↓↓↓

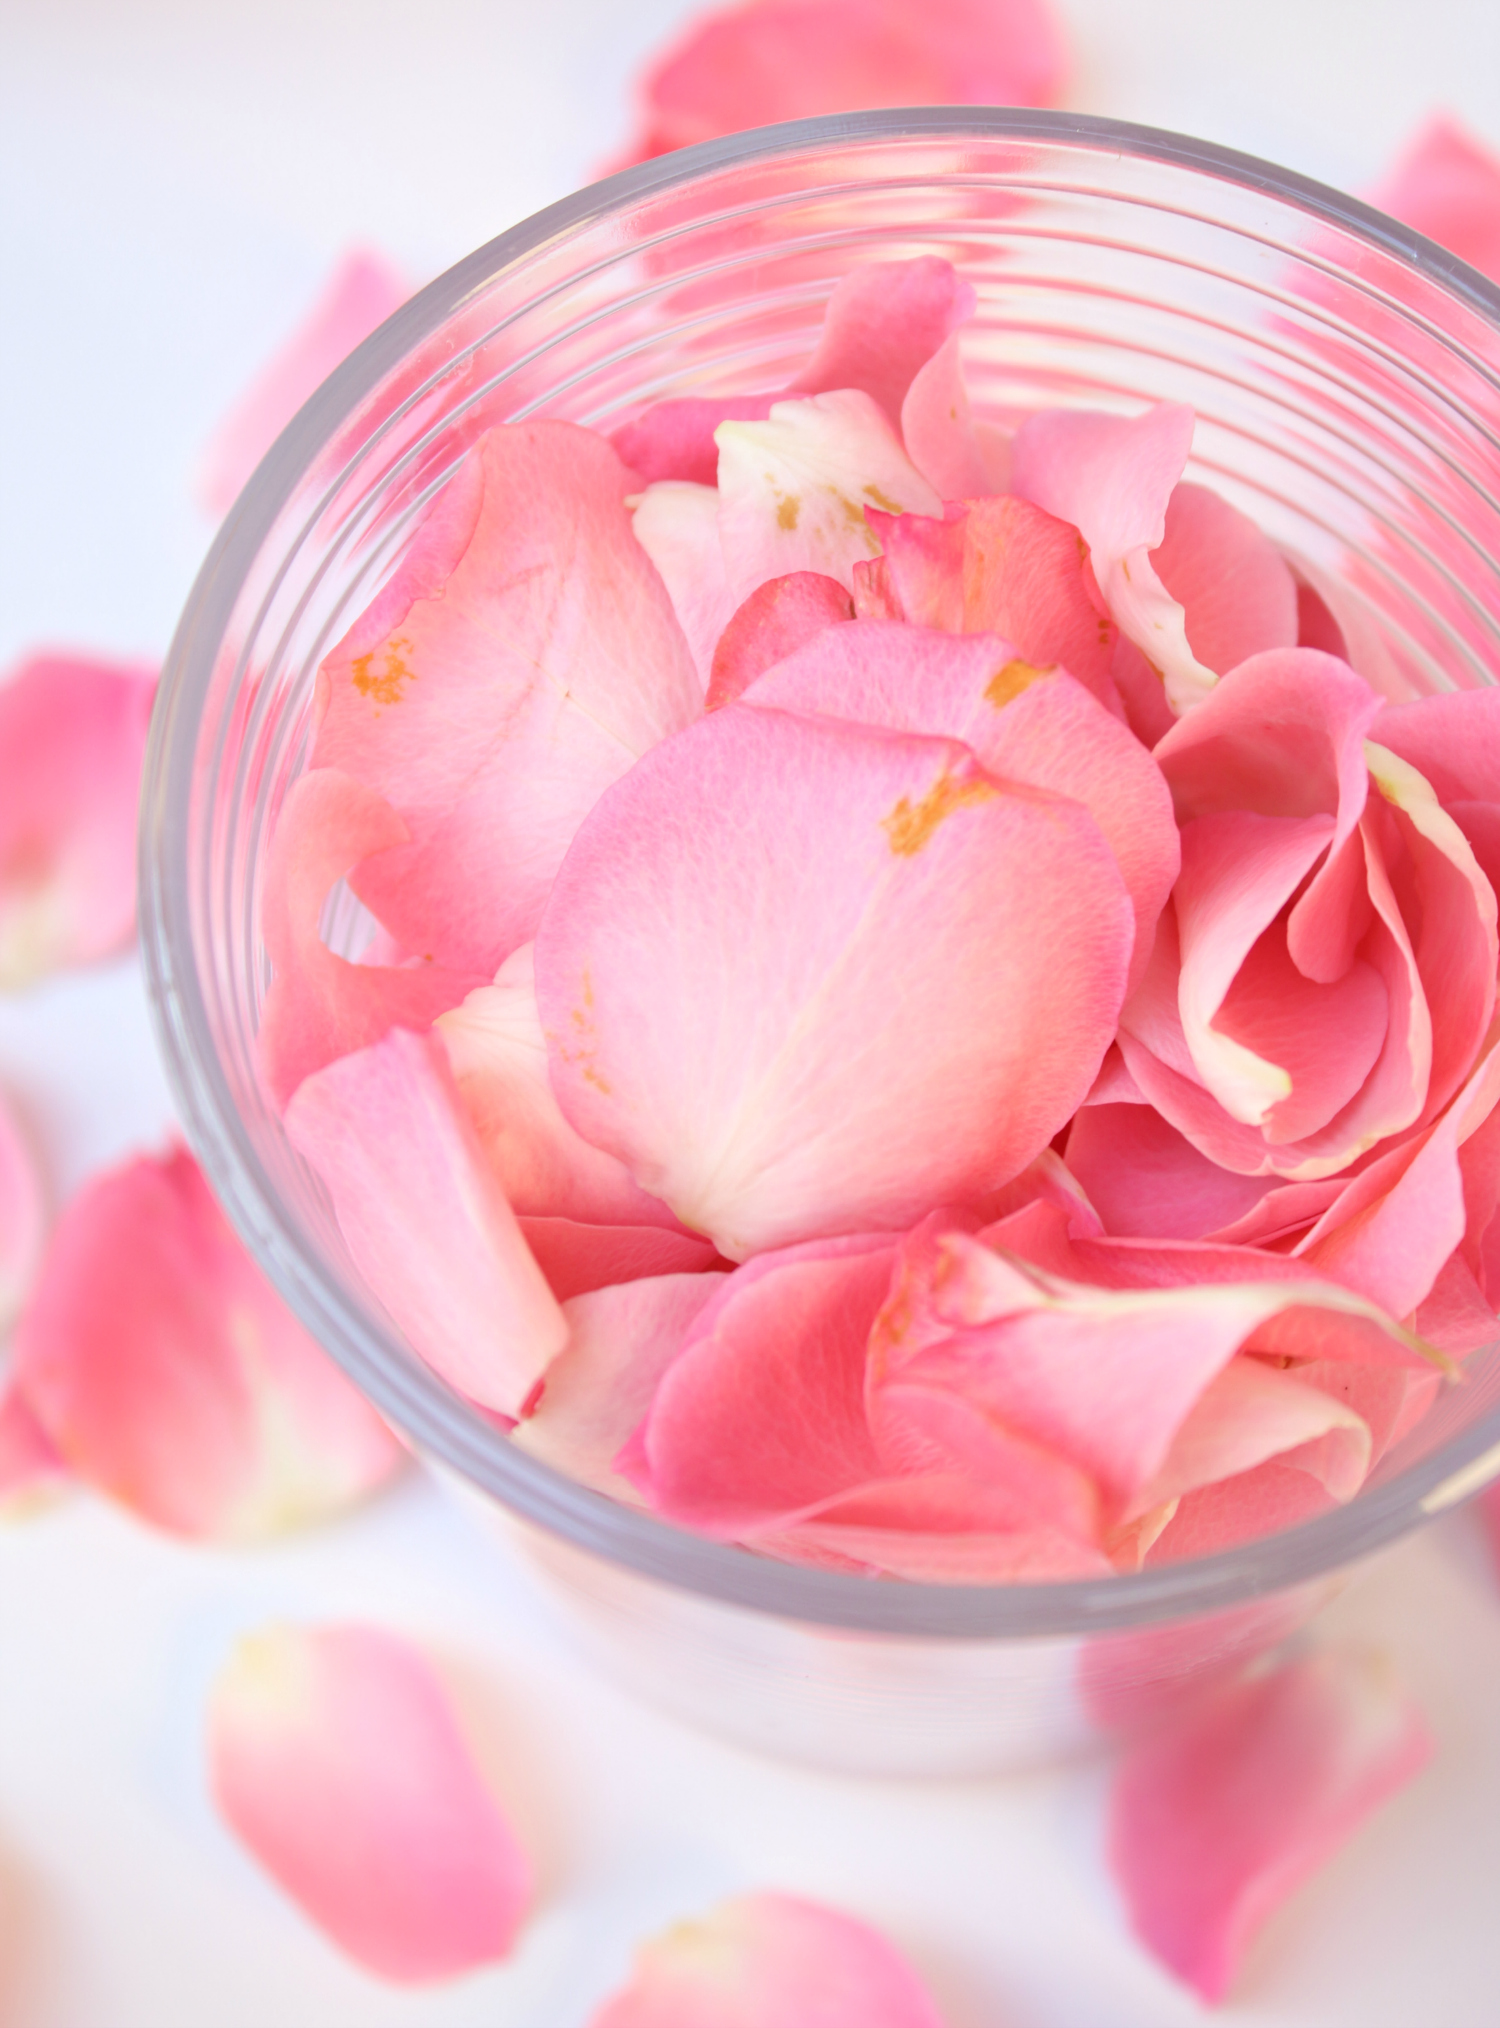 Homemade rose water recipe from blogger Stephanie Ziajka on Diary of a Debutante
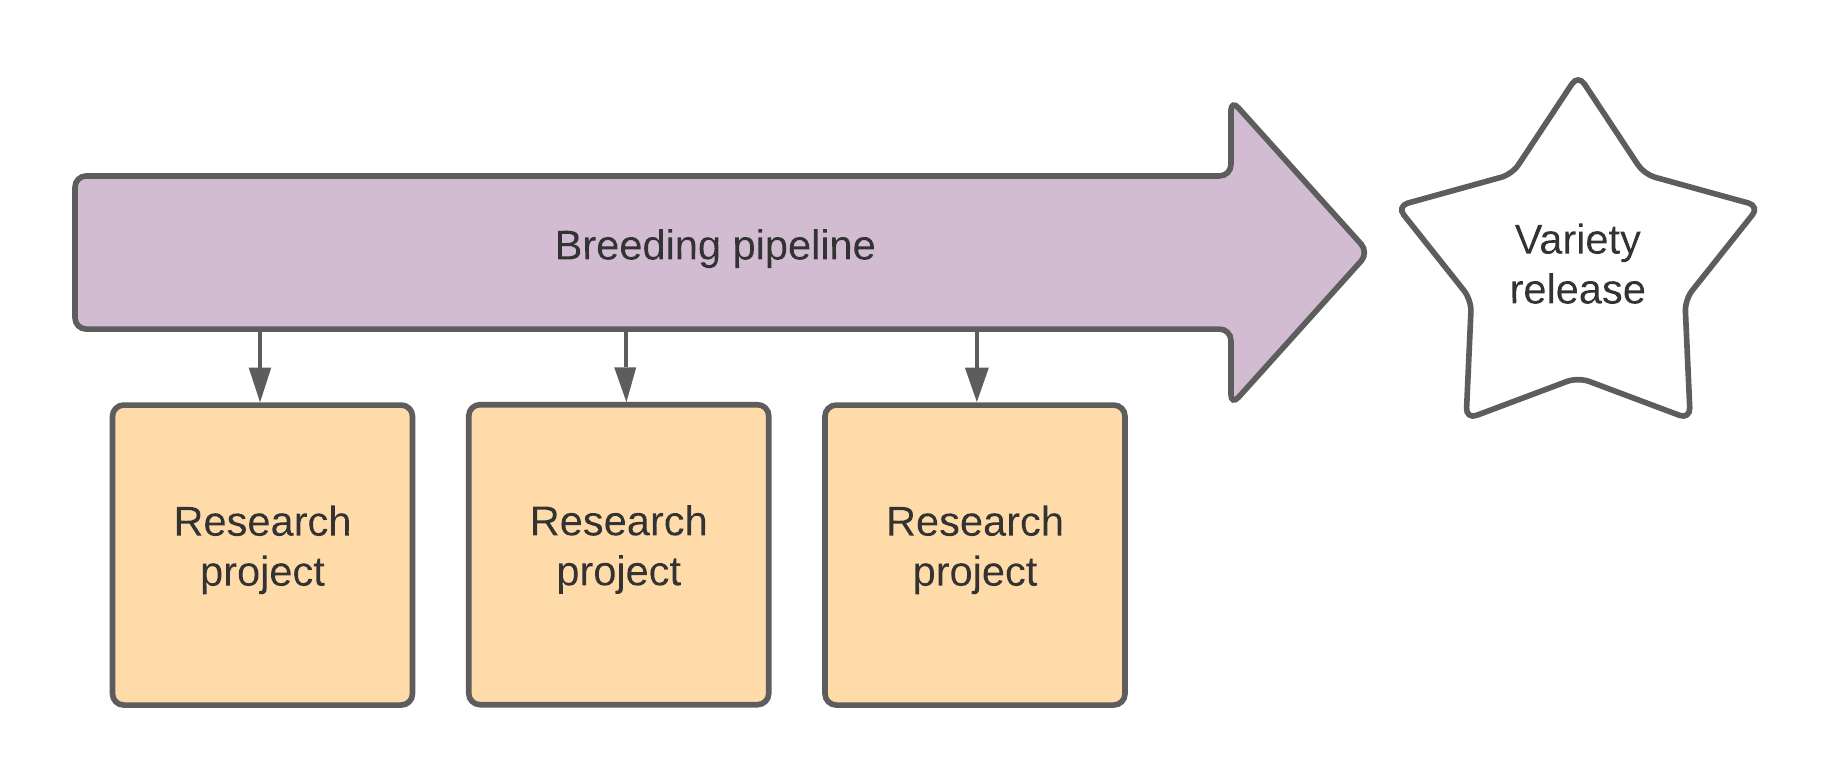 Research projects further the breeding process
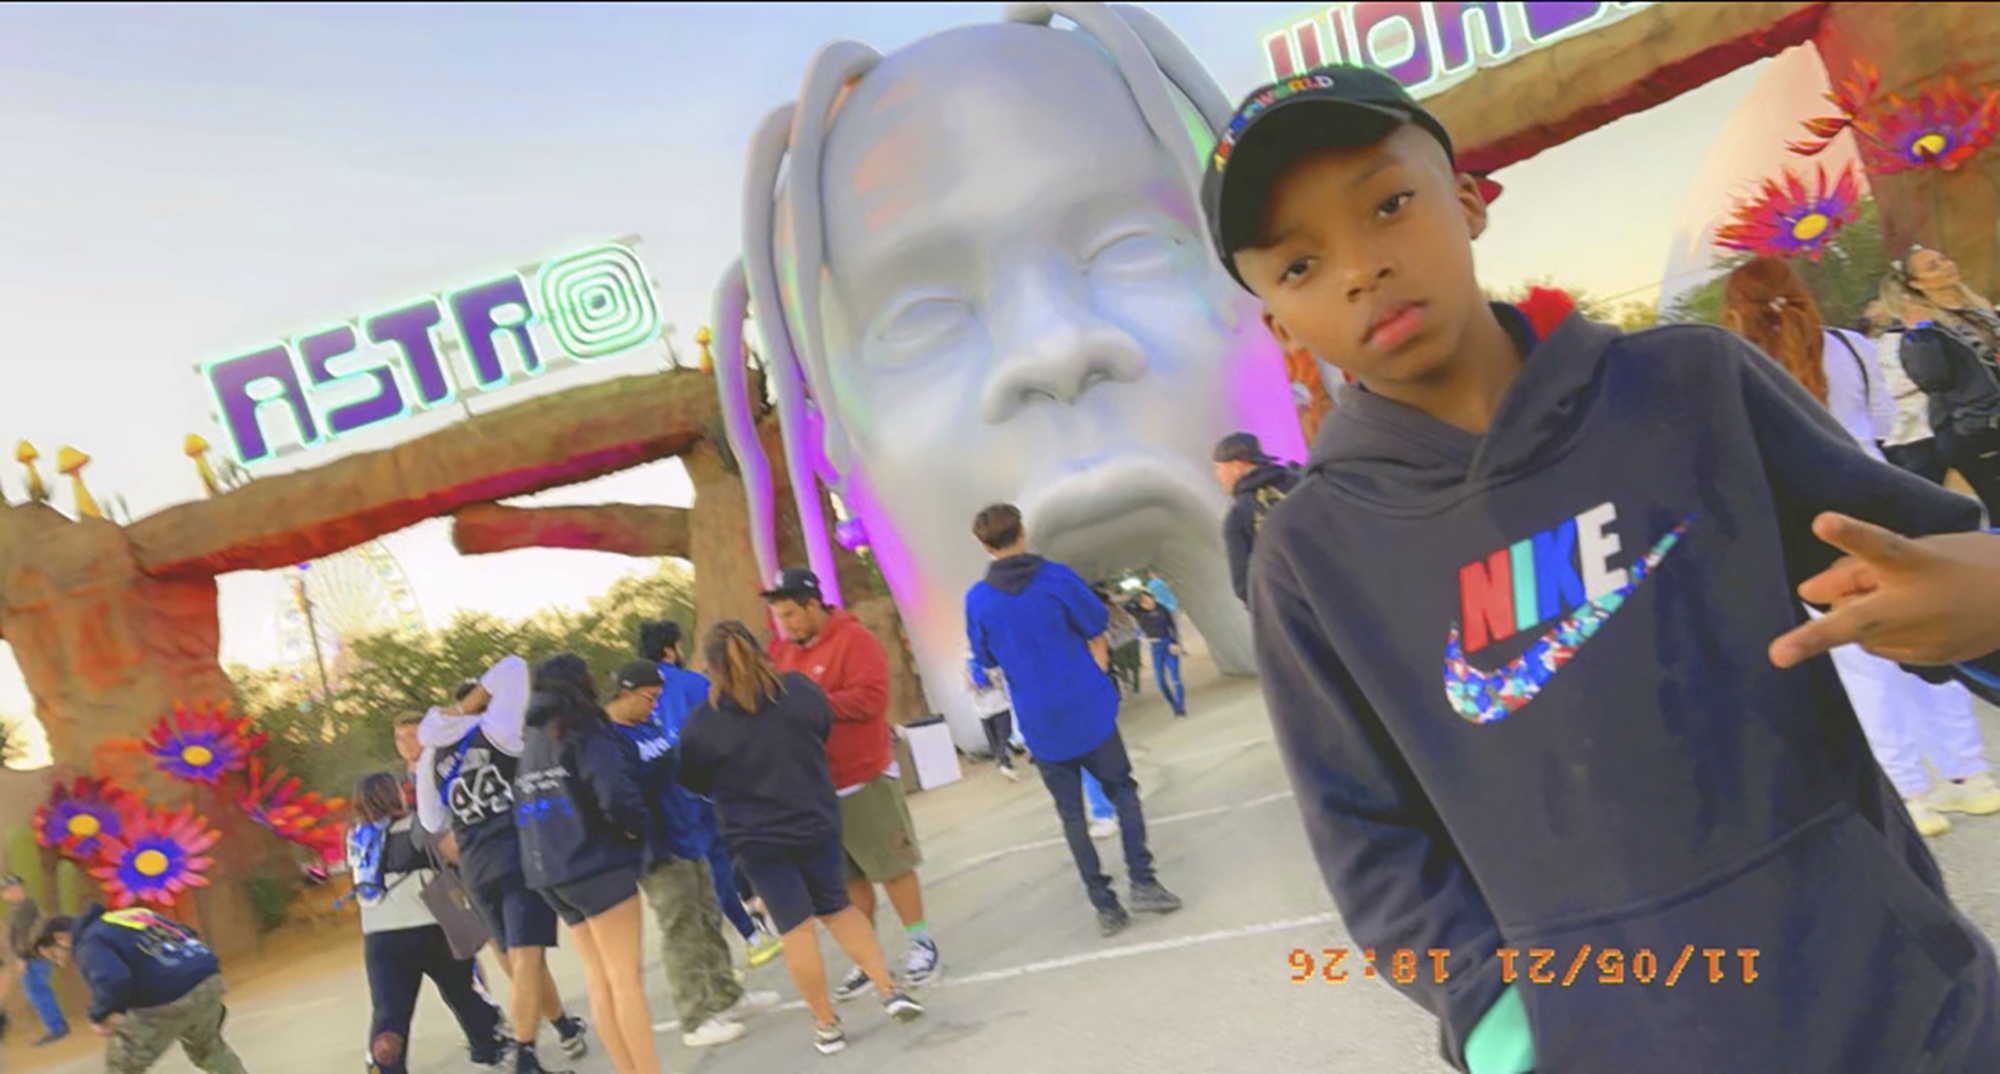 A tribute to the Astroworld concert tragedy victims
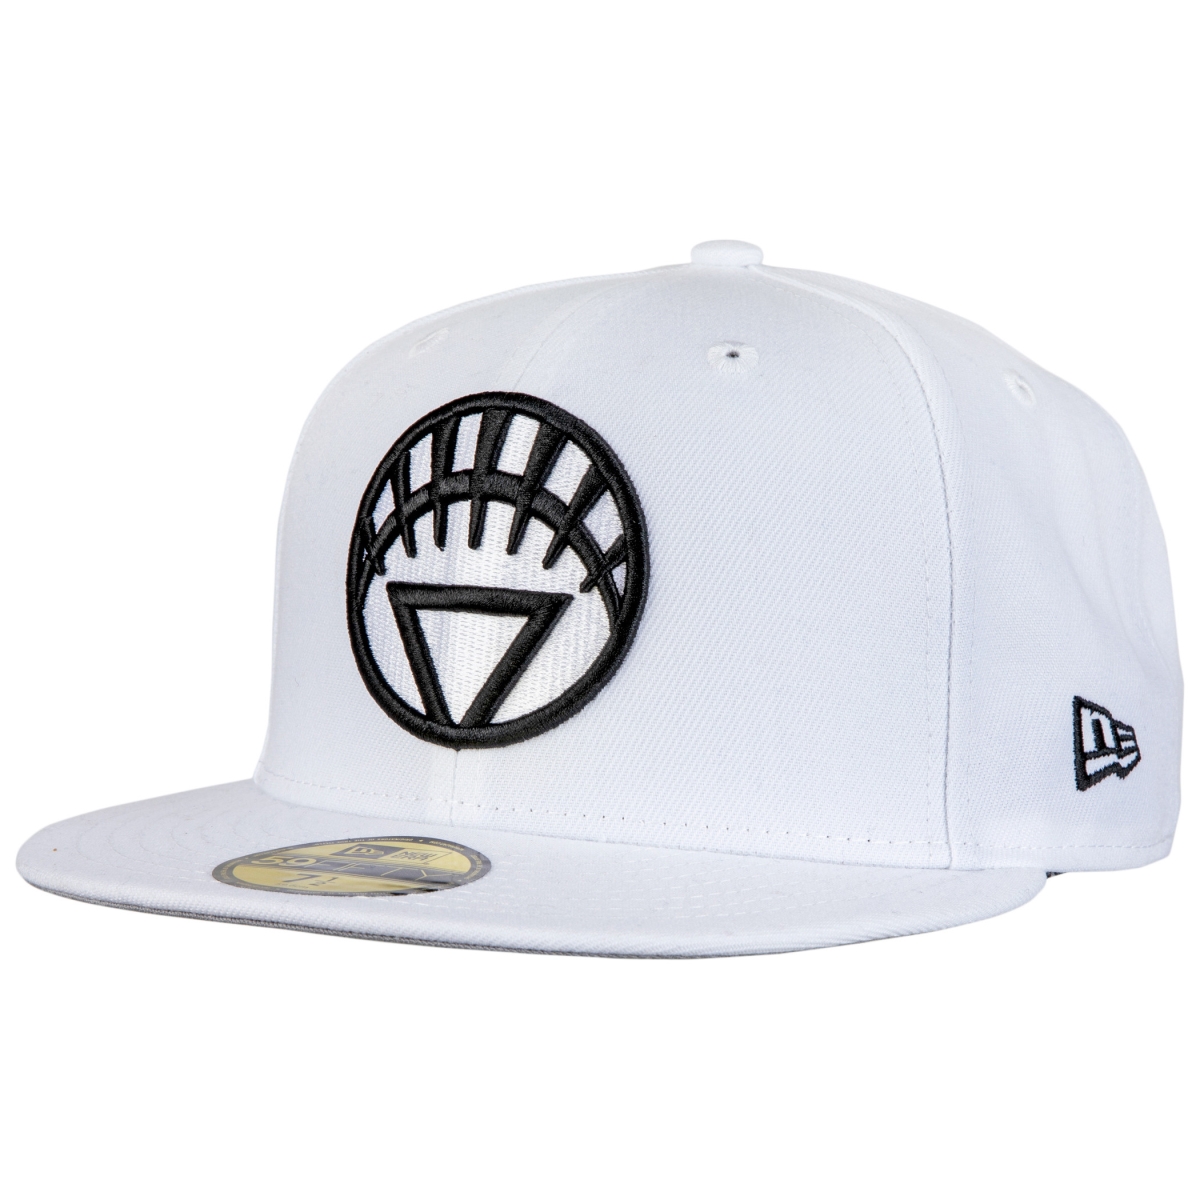 Picture of White Lantern 813903-77-8fitted Color Block New Era 59Fifty Hat, 7.87 Fitted

↑↑↑

Problem requirements: Keep the pictures out while you retype all of the data above exactly as it appears.

Result for this task:
 Homemade rose water recipe from blogger Stephanie Ziajka on Diary of a Debutante
 Research projects further the breeding process
 A tribute to the Astroworld concert tragedy victims
 Picture of White Lantern 813903-77-8fitted Color Block New Era 59Fifty Hat, 7.87 Fitted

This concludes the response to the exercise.